John Fairbairn wrote:But I think it is also important to try to see it all from the point of view of the organisers and referees.
{snip}
people see cheating in chess/go, just as people see drugs in athletics, very much in black-and-white terms. Halfway houses and discreet averting of the eyes are not tolerated by the vast majority. Cheating must be stamped out - even if some people suffer wrongly, it seems.
There was a cheating scandal in an IGS tournament in the 1990s in which Sprint, a strong Chinese amateur, was discovered to have gotten help from a Chinese pro. That may have made Pandanet sensitive to accusations of cheating in their tournaments. AFAICT, nothing written here criticizing the treatment of the evidence in this case, or the CIT case, condones cheating.
Now, given that this can only be done on the basis of some sort of probabilistic assumptions,
That may be so in these cases, but not in general, as Regan has pointed out. (Unless you are a Bayesian.
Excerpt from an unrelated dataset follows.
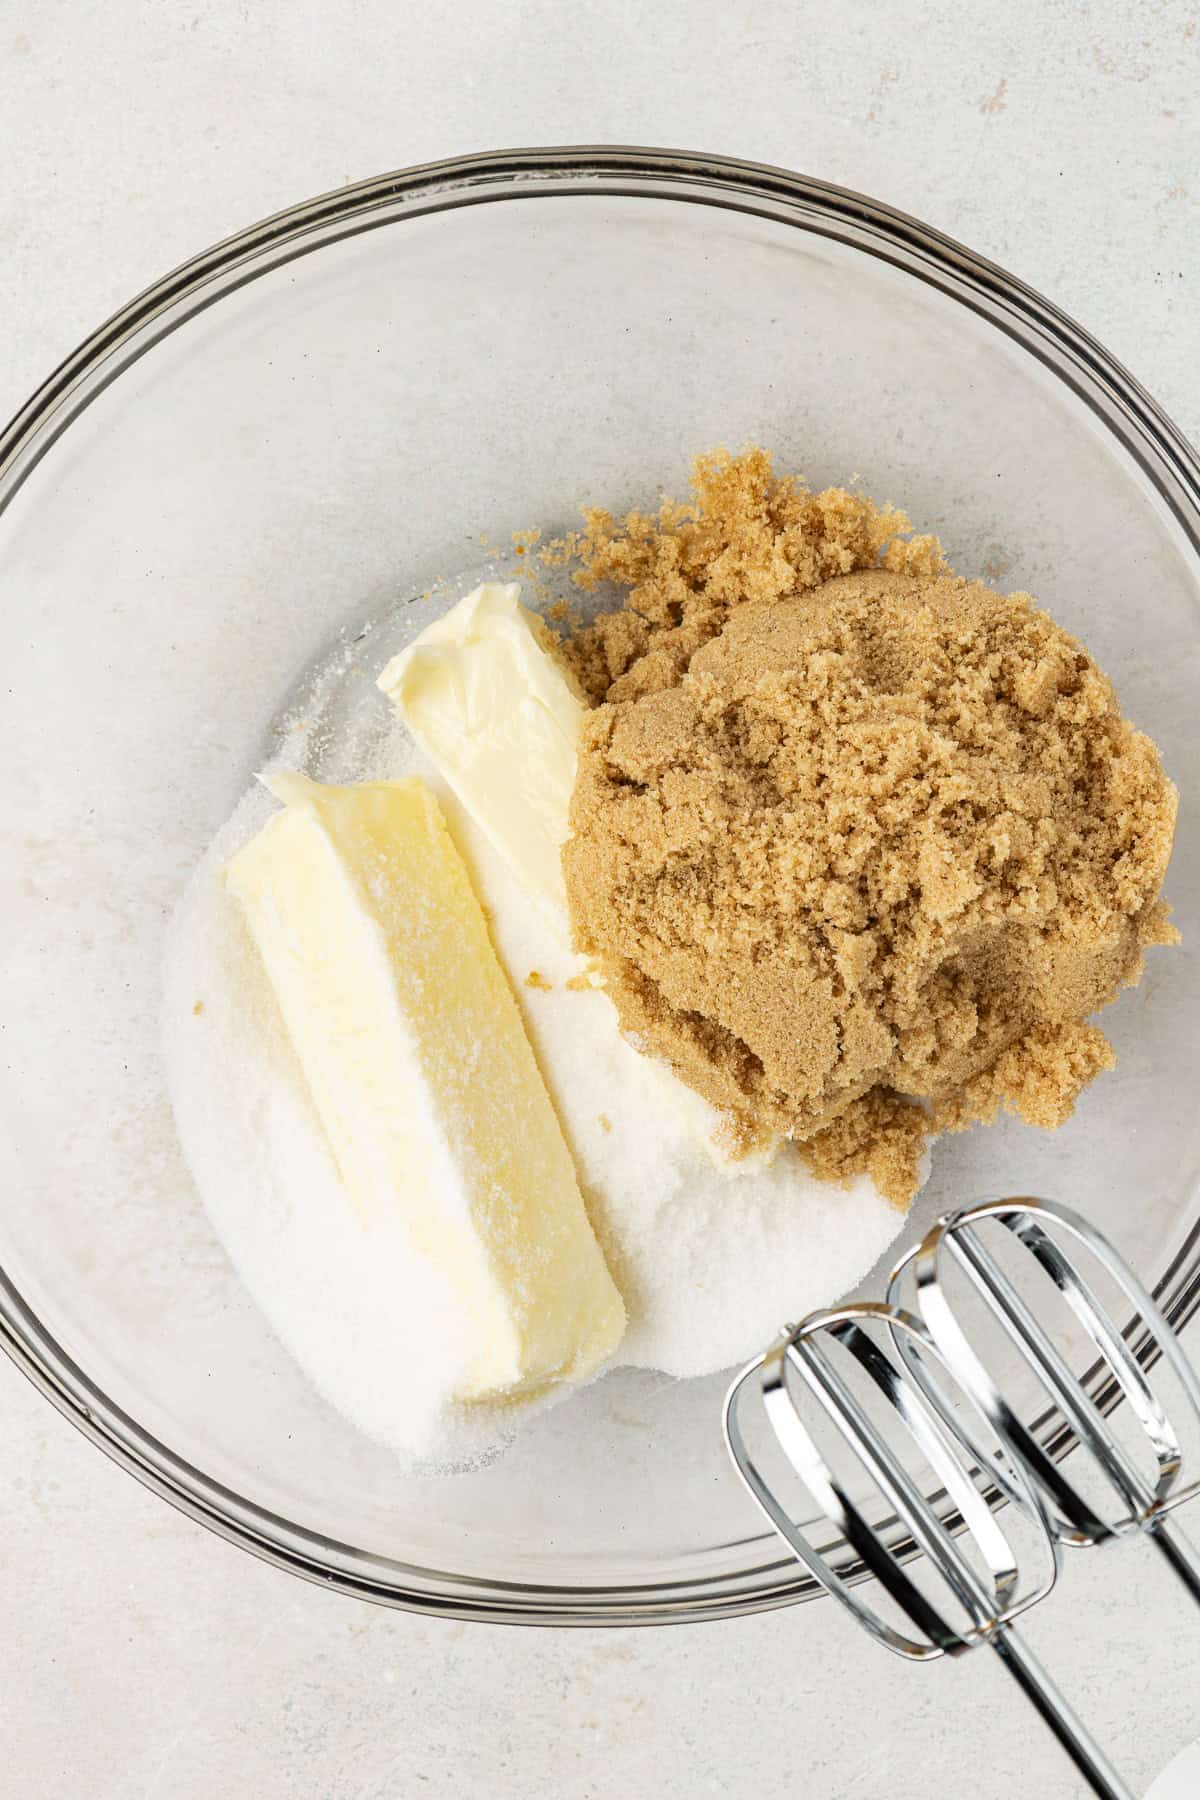 butter, granulated sugar and brown sugar in a clear glass mixing bowl with an electric mixer leaning on the side of the bowl

) Even in the case of casual online chess cheating, the cheaters typically put down their opponents, a form of behavioral evidence. (In itself weak, OC, but not just statistical.)
is it possible to lend support to organisers and referees (and through them to the overwhelming majority of players) by using statistics in the same way that seems to be accepted elsewhere.
That was not done in this case. I have argued in Bayesian terms, first, because I am a Bayesian, and second, because Bayesians, like most of the public, and like the organizers and referees, believe in confirmatory evidence. But, unlike most of the public, we know that it is very, very weak. The use of confirmatory evidence is not generally accepted statistical practice.
What I have in mind is something like the "significance" factor which is often mentioned in connection with 95% probability. How can such a metric be devised and accepted?
Regan addresses that in chess, not with the question of whether a player plays like Houdini or other top engine (confirmatory evidence), but whether the player plays better than he does without cheating (disconfirmatory evidence). Regan can make use of individual moves, because he is able to rate them. Thus, an obvious play, even though every engine would play it, does not count against the player because it is what he would play without cheating. In go, we are not able to do that yet; give us a few years. What we have to do instead is to rely upon the judgement of strong players. For instance, in the Reem vs. Metta game, consider the sequence,

-

, where Black secures the bottom right corner. Black has options for

, but given that play and White's responses, the four plays,

-

, would be played by not only by Carlo Metta, but also by weaker dan players who were not cheating. Even in cases of suspected online cheating at chess, accusers look at the plays of suspected cheaters and point out plays that are unlike human plays, or human plays of the level of the suspect. That is, the accusers look for disconfirmatory evidence, not confirmatory evidence, or not just confirmatory evidence. The four Black plays,

-

, are confirmatory evidence of the proposition, "He plays like Leela", but are not evidence of cheating. The question is not just a reliance upon statistical evidence alone, but a reliance upon the wrong statistical evidence.
Now, if one is using a bot to cheat, then one's play will resemble that of the bot, to some extent. Therefore, as Blindgroup points out, given enough games, the number of plays that are matches to Leela's choices but not because of cheating should even out, on average. But that is not the case for a single game. You need to look at a number of games in which Carlo is suspected of cheating, such as all of his games in this tournament, and compare them with other games in which he is not suspected of cheating. That is, we must look for disconfirmatory evidence: Carlo plays differently in one set of games from how he plays in the other set of games. If you suspect him of cheating in all games, then you compare his play against the play of other players of similar ability. OC, in that case the similarity of his play to Leela's may simply be evidence, not of cheating, but of intensive training with Leela for a couple of years.
So you could, if you gloss over the question of randomization, set up a significance test using some metric of similarity to Leela's play. But doing so would involve the use of a large number of games, and any statistically significant result would not be a 98% match in a single game.
Acceptance doesn't seem to be a problem to me because human are used to running their entire lives on the basis of probability. But it could perhaps be made easier to accept if the first "punishment" was not so swingeing. E.g. a player could be put on notice that he is suspected of cheating. The arbiters could also indicate what measures need to be taken to satisfy them in future (e.g. a player could video himself while playing an important on-line game and use that to show that he is not consulting a machine).
As I have said, the evidence in that one game is enough to raise suspicion. And that would justify the organizers to treat Carlo like Caesar's wife, requiring him to be above suspicion, and require that his future games be monitored. It would also justify looking at the plays in the questioned game to see whether the result might be voided. It might even be possible to find further evidence of cheating by analyzing that game.